While the adults watch some of Stu's home movies, the babies go off and draw some of their own.

The Mysterious Mr. Friend

Stu comes up with a new toy, which the babies find creepy instead of endearing.

"Home Movies" provides examples of:

  • Amateur Film-Making Plot: Stu shows his family and friends home movies at Angelica's house, boring them to tears. This inspires Angelica to make her own home movies by drawing pictures on her parents' office papers. Tommy and Chuckie join in, and the home movies they and Angelica make are drawn crudely in crayon due to their young ages (Tommy's is the crudest of all, since he's only one year old).
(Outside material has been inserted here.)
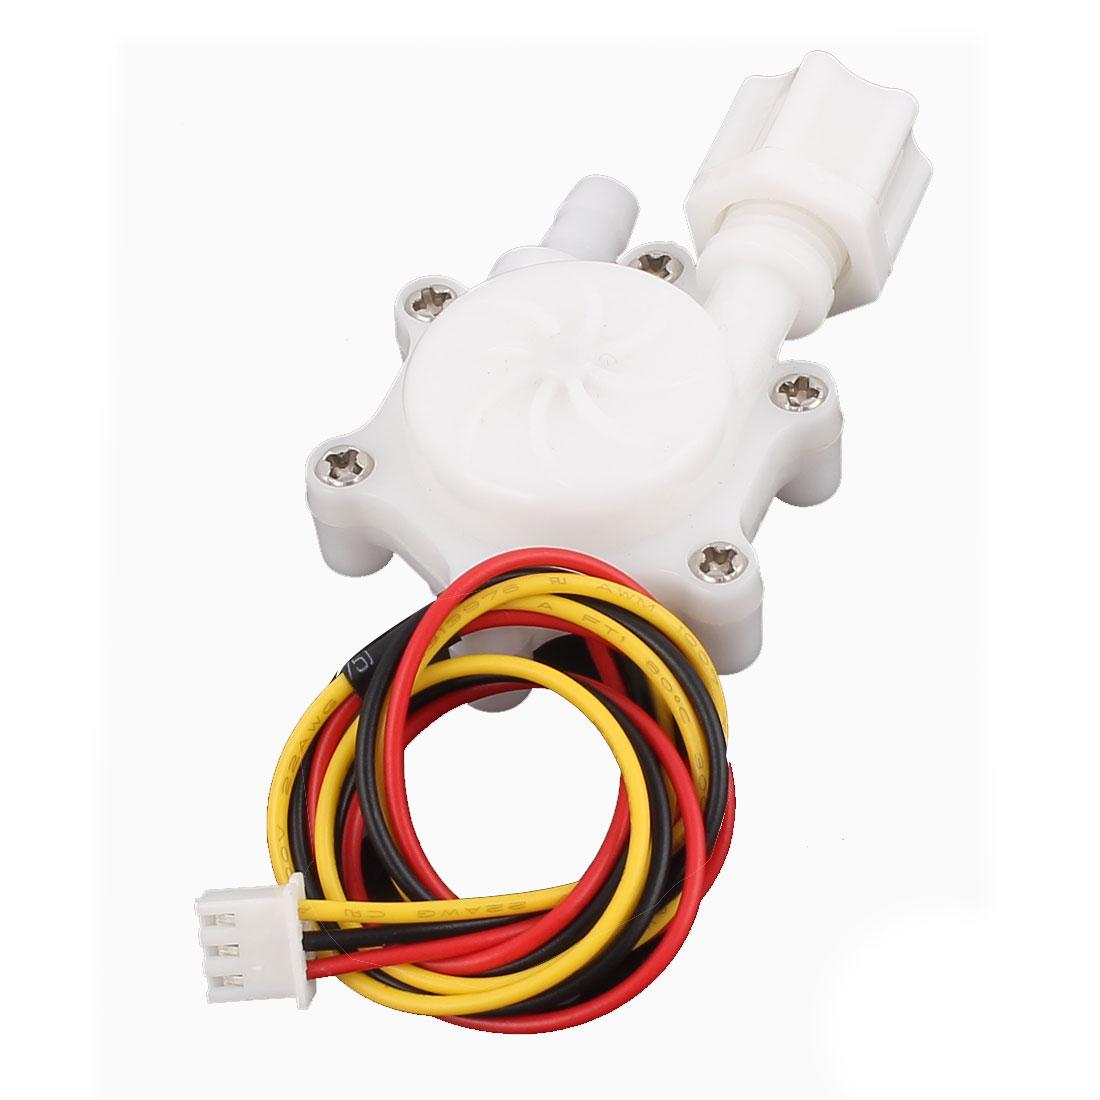 G1/4 Male Thread 6mm Outlet Outer Dia Water Flow Sensor 0.2-2.5L/min SEN-HW06FA
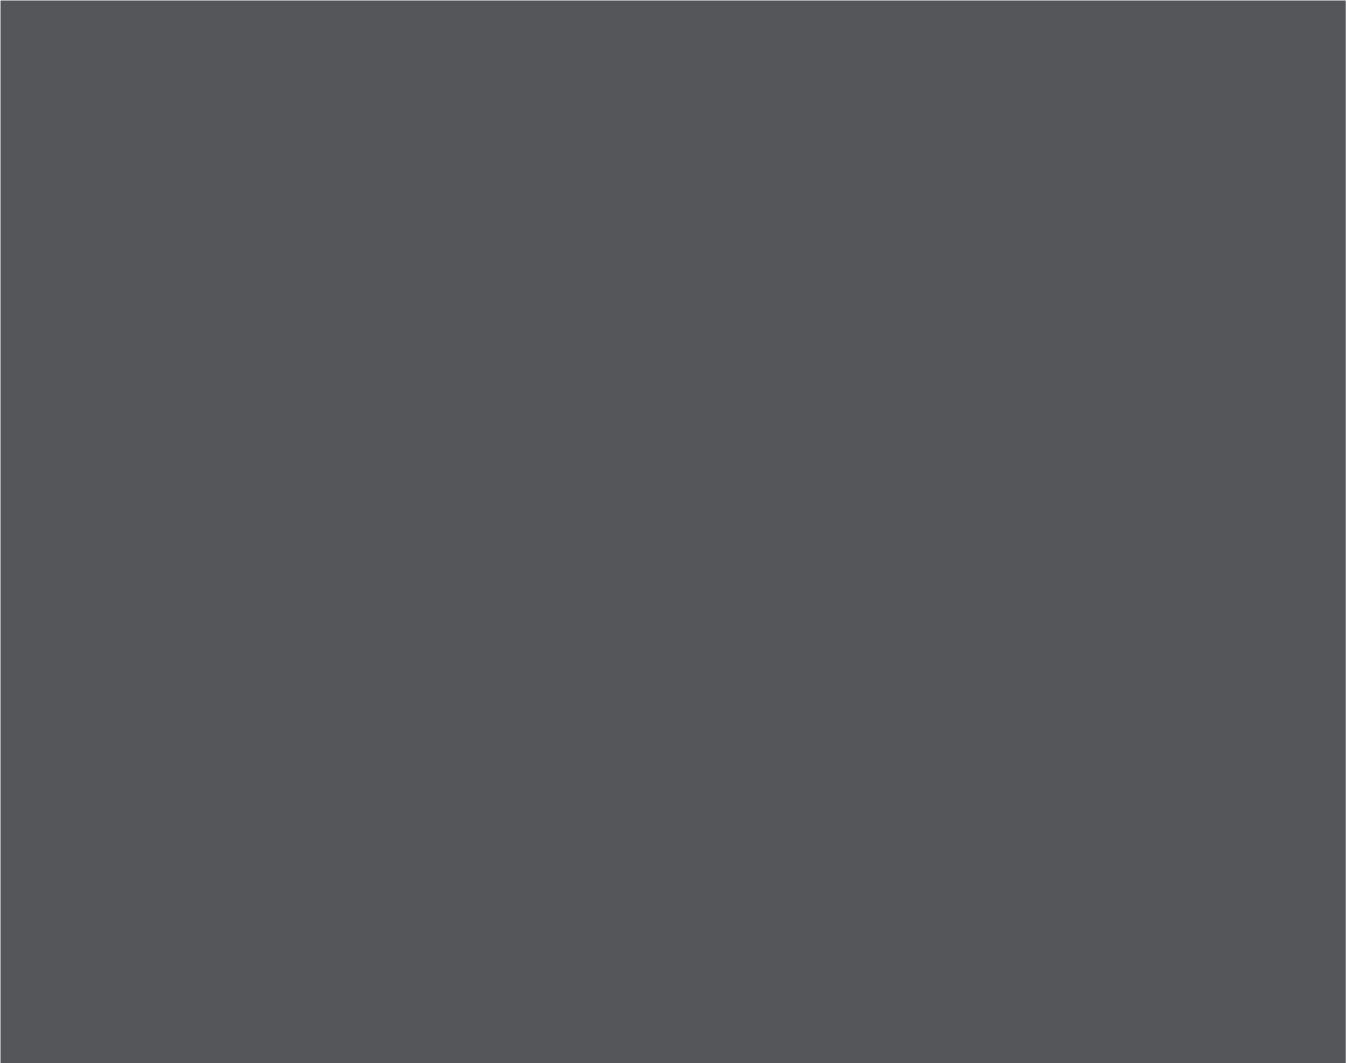 Pantone  Cool Gray 11 C  CMYK: 44 / 34 / 22 / 77  RGB: 83 / 86 / 90  Hex: #53565A

At the end of the episode, the grown-ups are all very impressed with their children's home movies.
    Stu: May I have your attention, please; may I have your attention, please? Welcome to Stu Pickles's cinema domestique.
    (Everybody groans)
  • Ambiguously Jewish: During Stu's home movies, Chas Finster groans, "Oy, gevalt!"
  • And I'm the Queen of Sheba: This line occurs when Angelica sees Tommy as a weird version of Superman in Chuckie's home movie:
    Angelica: If he's Tommy, then I'm the Queen of English!
  • Art Shift: Angelica, Chuckie, and Tommy's home movies are all very badly drawn in crayon due to their age, especially the latter, since he's just a year old and hasn't developed all of his motor skills yet.note 
  • Boring Vacation Slideshow: This episode revolves around Stu doing this with his group of friends after his family's awful vacation to the Grand Canyon, which had happened over the course of one episode earlier in the show's run. The audience is, predictably, bored, though various issues prevent him from continuing and at the end of the episode, by the time he's fixed the issues, everyone else is engrossed in the crayon art that the kids have drawn, including, eventually, Stu himself.
  • Call-Back:
  • Digital Destruction: With the exception of its inclusion in the Thanksgiving VHS tape, there are four audio cuts in the episode, in modern reruns, the Season 3 DVD and digital copies:
    • One where Stu says the second "May I have your attention please?" before beginning the home movies.
    • One where Angelica says "Come on, cottonheads," as she's about to lead the babies into her room.
    • Two before and while Stu says "There's us pulling out of the driveway."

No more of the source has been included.